# What to Pay for Hay



## mncattle (Jul 23, 2010)

I have a guy asking me if I would be interested in cutting his grass hay. It is mostly brome with some orchard mixed in, not much of any clover or alfalfa. He is not interested in any of the hay and would like me to pay by the bale. I am thinking $15 a round bale(4x5) what do you guys think? He also would be interested in me paying by the acre but I told him it would work better paying by the bale since it has not been hayed in awhile and grass hay is pretty much a 2 cutting deal here. Is $15 a pretty fair deal.


----------



## Teslan (Aug 20, 2011)

Where is your location? Makes a huge difference. Are you baling, and hauling the hay also? I would just try to find out what prices are for rounds in your area and deduct the costs of whatever it is you do from that average price and then make your offer. For my area that would be dirt cheap hay.


----------



## somedevildawg (Jun 20, 2011)

$10 is a fairer deal, sounds like he may just want his grass cut, I know it's not fertilized so basically you have some filler hay, what's the market for that type hay, figure 25 at least to cut and bale, is the market $40? If so you need to pay him $5, if its 45...10$, if its 50...15$........remember you have to sit on this hay, you have to haul this hay, you have to store this hay, you have to load this hay........


----------



## brandenburgcattle42 (Sep 6, 2012)

I pay $10 for my 5x6 bales but most of my grass hay fields I am doing them a favor by keeping their place looking nice. I tell em beat you spending yor money to mow it. Most of these fields are marginal in feed quality so I don't feel bad. Depends on competition to with other rancher. I have none. Good luck


----------



## Nitram (Apr 2, 2011)

Location in your profile would definatley help! last fall I paid $10 bale to next door neighbor for the pleasure of putting up corn stalks I had them sold for $35 before starting. Mined you this required no cutting but its hard on equipment. Also some were paying $10 acre which would have been better as I avg aprox 2 + bales an acre. Martin


----------



## mncattle (Jul 23, 2010)

Sorry about the location thing I guess I assumed the mn in mncattle people would have figured Minnesota.

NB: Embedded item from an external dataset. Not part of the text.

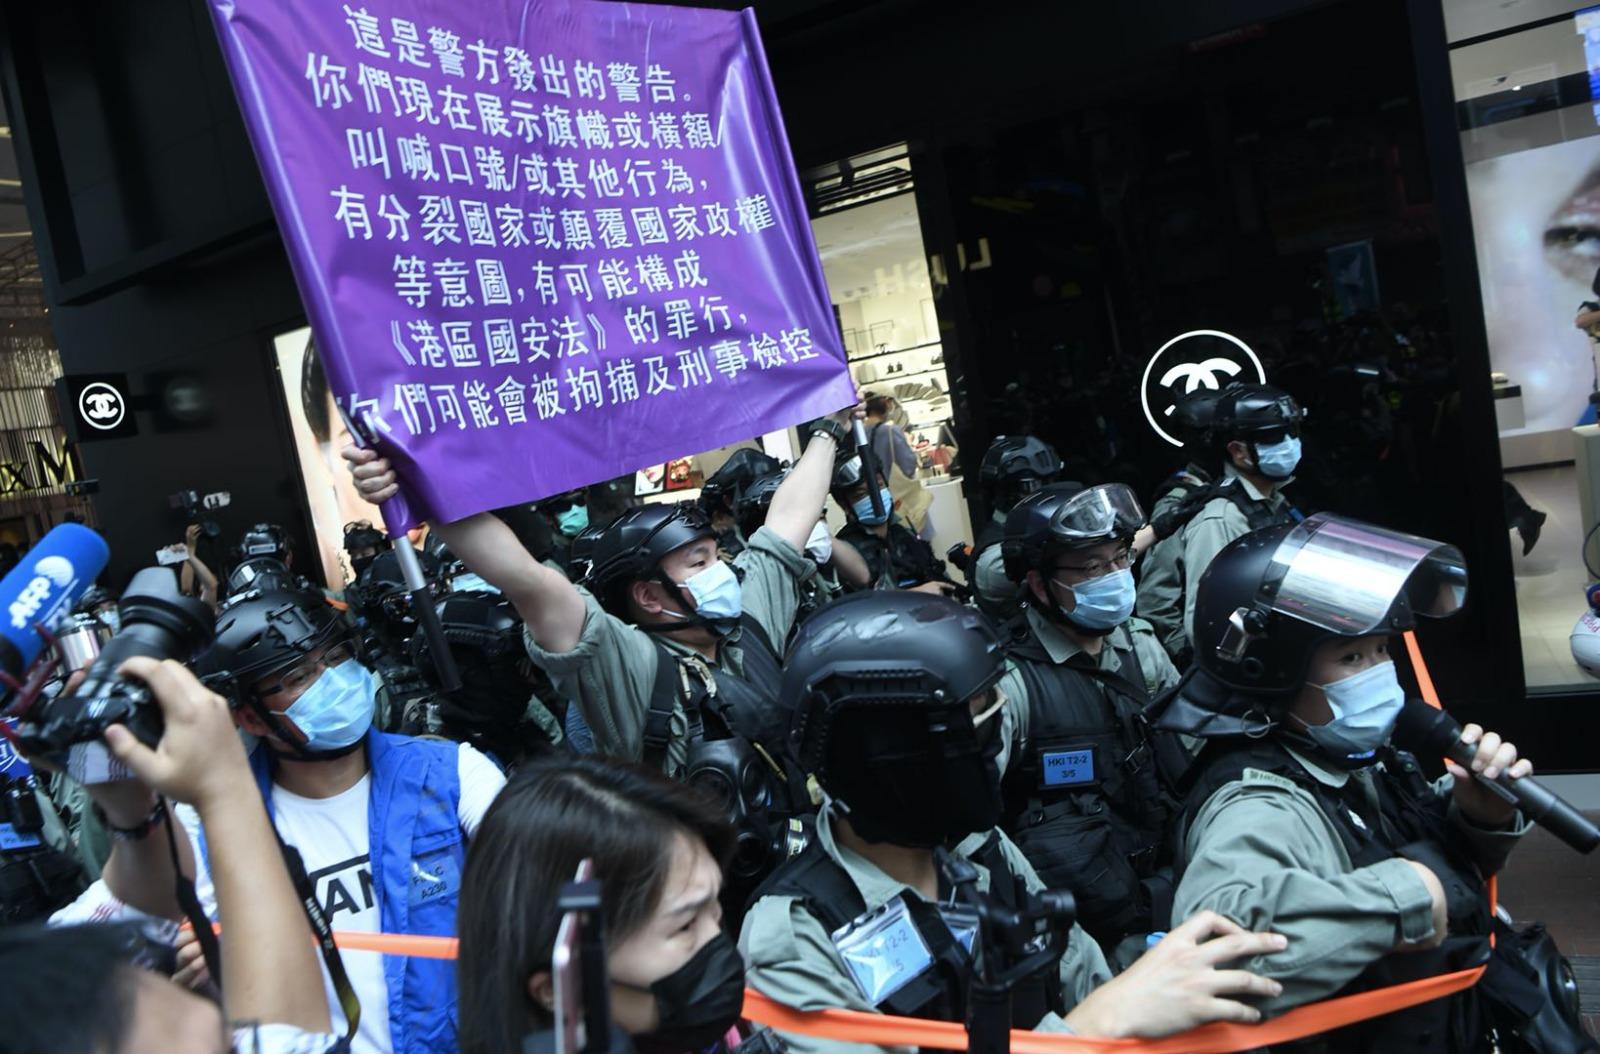 香港七一遊行多人因違反《港區國安法》被捕

So I would be the one baling and hauling, would probably mainly using it for my beef cattle and also selling it as beef hay. I know this hay should be worth $50 at least next summer. I mostly raise alfalfa hay and do some custom baling, mostly for neighbors. I just have not done much of the paying per bale.

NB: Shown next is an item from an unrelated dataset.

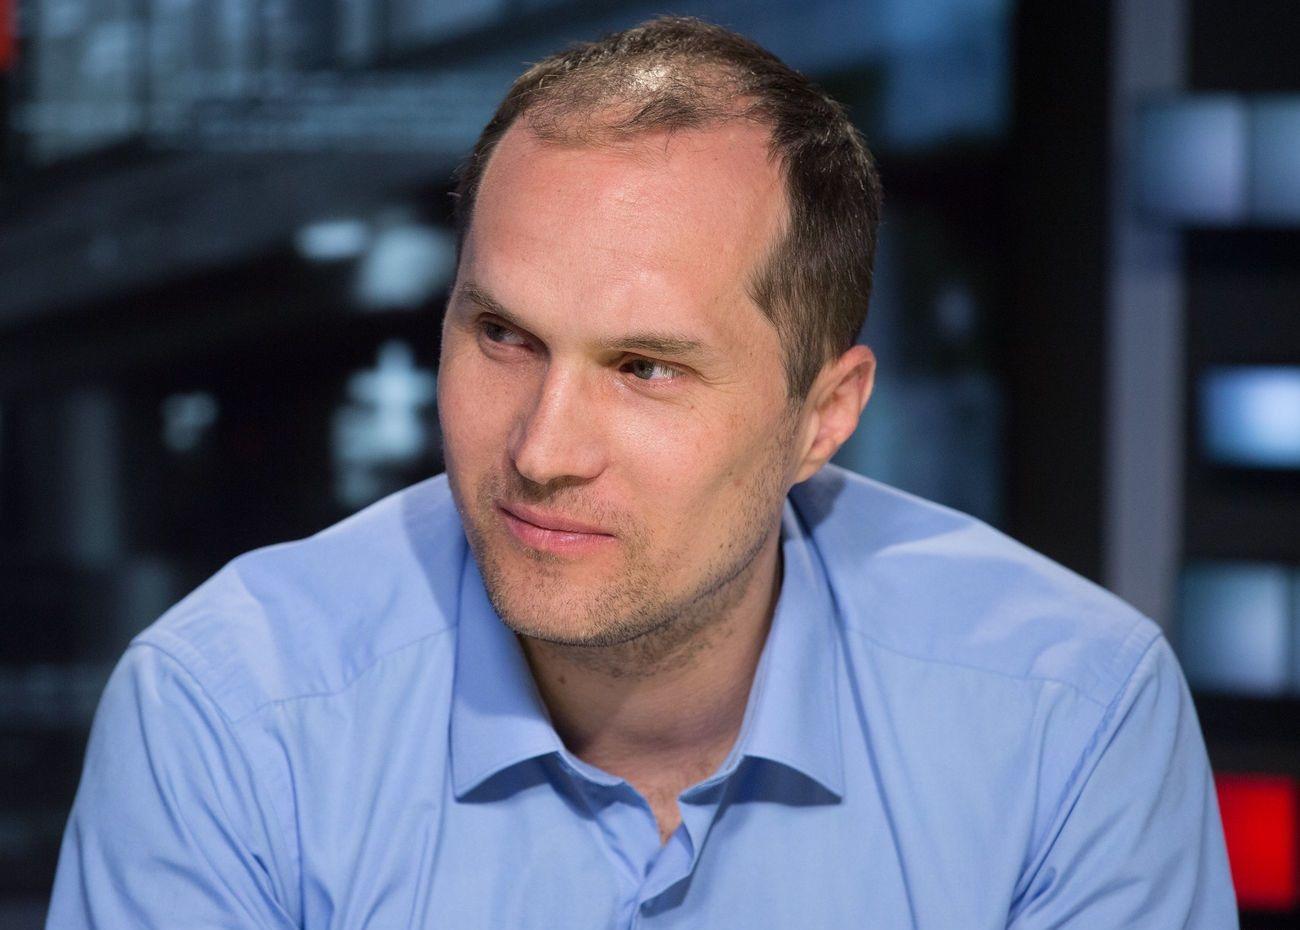 Журналист Бутусов обвинил киевские власти в сговоре с российской агентурой

I know this hay would not have alot of feed value, 2nd cutting would be better.

Thanks guys


----------



## Tim/South (Dec 12, 2011)

I would have a hard time paying anything. In our location the hay would not sell for much more than the cost to bale.
If I was going to have to pay for fertilizer and chemicals then around here I would be backing up if I had to pay rent or by the bale.


----------



## deadmoose (Oct 30, 2011)

Minnesota is a big state. I would think some places that is way low others way high. Location is key. Here that may be fair to a tad low. 2 hours north extremely high. South and west probably way low.


----------



## JD3430 (Jan 1, 2012)

I'm not paying anyone to cut their fields. You want your fields cut? OK, fine, but I keep the hay.
Crap, the guys getting his fields cut for free, what else do they want? Cows milked? Driveway snowplowed?


----------



## whitmerlegacyfarm (Aug 26, 2011)

I agree, JD, i just picked up 10+ acres 3/4 of mile away. It's small patches and side hills but perfect for my small equipment. Mushroom guys come in and bale and just give a few bucks per big square bale. Land owner is a very nice guy, told me you cut what u want/tell me what you want to bale and i will keep the mushroom guys out or tell them to stay away completely, says whatever i can't cut as far as to steep or whatever he will come in with his disc mower and take it down lol. He knows by me haying it, it will get cut more often and i told him i will spray for weeds, he also is open to me planting new hay in a field or two this fall if it goes ok for me this summer. Ground needs lime and i may be able to get him to pay for the lime costs or help out. My ppoint is if the land owner is trying to get rich then he would be leasing to row cropers right? He just wants his fields cut at your time and labor.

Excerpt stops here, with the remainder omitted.